Sitting pretty: Sally Timms and the rest of the Mekons sing out another San Francisco Saturday night. All photos by Ashleigh Reddy.
By Ben Sinclair
This year is the Mekons’ 30th anniversary, and it's been a particularly fruitful year. It's odd to imagine this Leeds group had once been an edgy punk outfit and then a trad-rock and country combo, slipping into new wave songs now and then. This weekend, they were a folk band.

And a very smart folk band, at that. After the Oct. 6 show at the merch booth, drummer Steve Goulding wouldn’t let me get away with passing off my last $12 for a $15 disc. Perhaps this is an attitude that has helped keep the band alive for so long. I promptly retrieved another $3 from the folks I came with and returned for a limited-edition copy of Dance on the Volcano, the new album by Tom Greenhalgh’s other band King Tommy’s Velvet Runway. A good decision. We all missed Greenhalgh’s voice that night, as he couldn’t make it for this leg of the tour, but the band rocked the hell out of “Hard to be Human Again” anyway.

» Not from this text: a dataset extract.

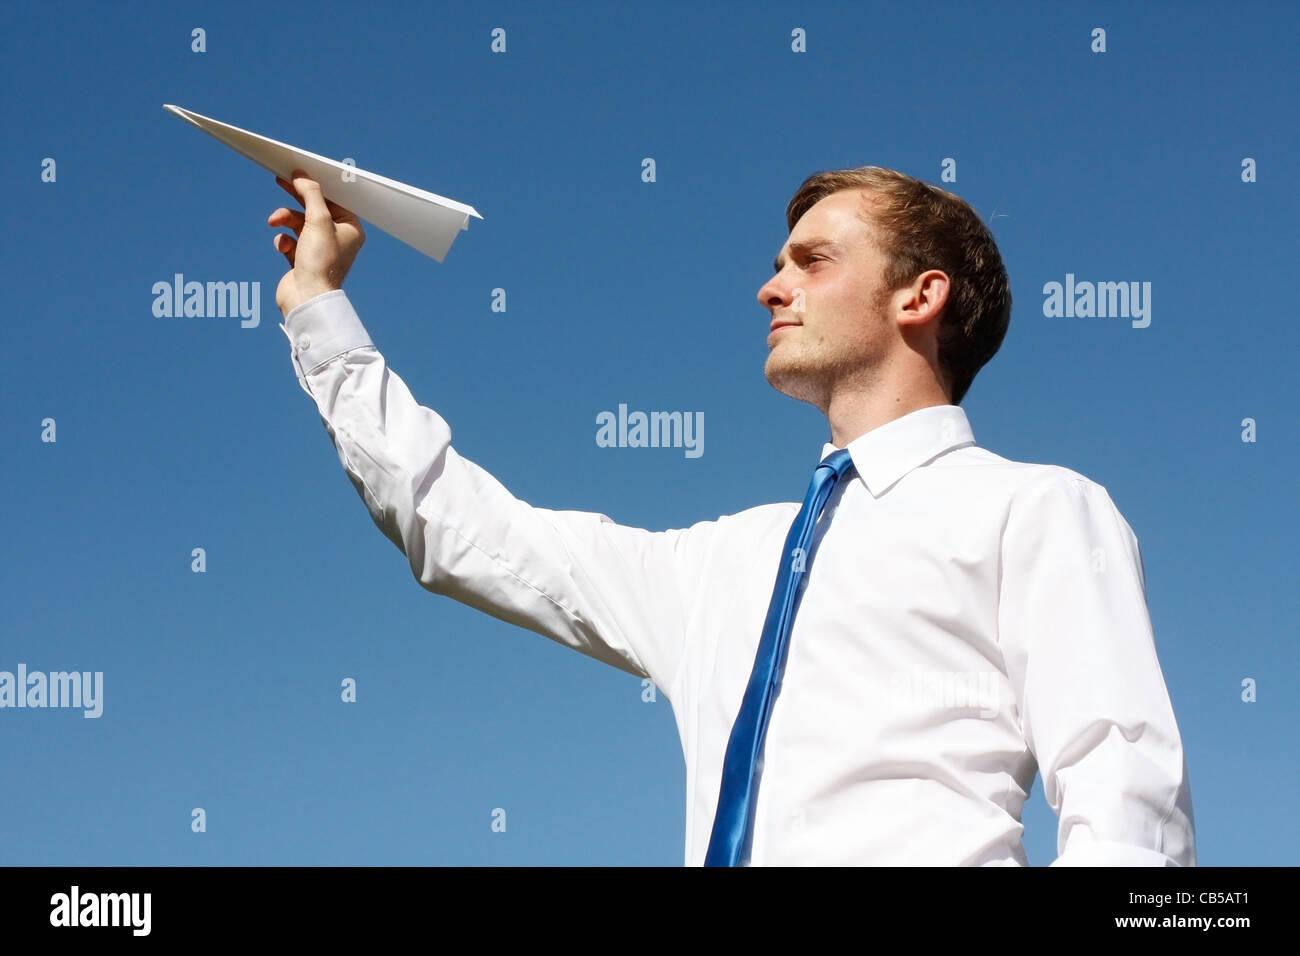 Un hombre de negocios lanzando un avión de papel Imagen De Stock

Otherwise the classic lineup was present, and the banter between members felt warm and, at times, invigorating. I sat - and stomped and clapped - through the entire set with a happy-go-lucky grin on my face. “Give Me Wine or Money” was the night’s opener, further permeating the “fair trade” section of my mind. “Yeessss…,” I heard myself thinking, “Stop downloading this band from now on.” Later, casting like a smoky, pagan warlock, founder Jon Langford recommended the whole audience not hesitate to spend a bit in the back - after all, Greenhalgh now needs all the money he can get. He and his wife are having their third child.

Smart, sure - but afterwards they lost the night’s sharpie-drawn set list to the sticky fingers of my sprightly cohort. We now potentially had all the spiritual power of the Mekons, locked in an object they’d passed so much of their energy through - well, assuming the guy at the mixing boards didn’t just scratch it out before the show. A Crowley-like ritual is yet to be undertaken with the list, but some of us are hoping to contact deceased Mekons producer and friend John Gill - may he rest in peace - for lost secrets of the band.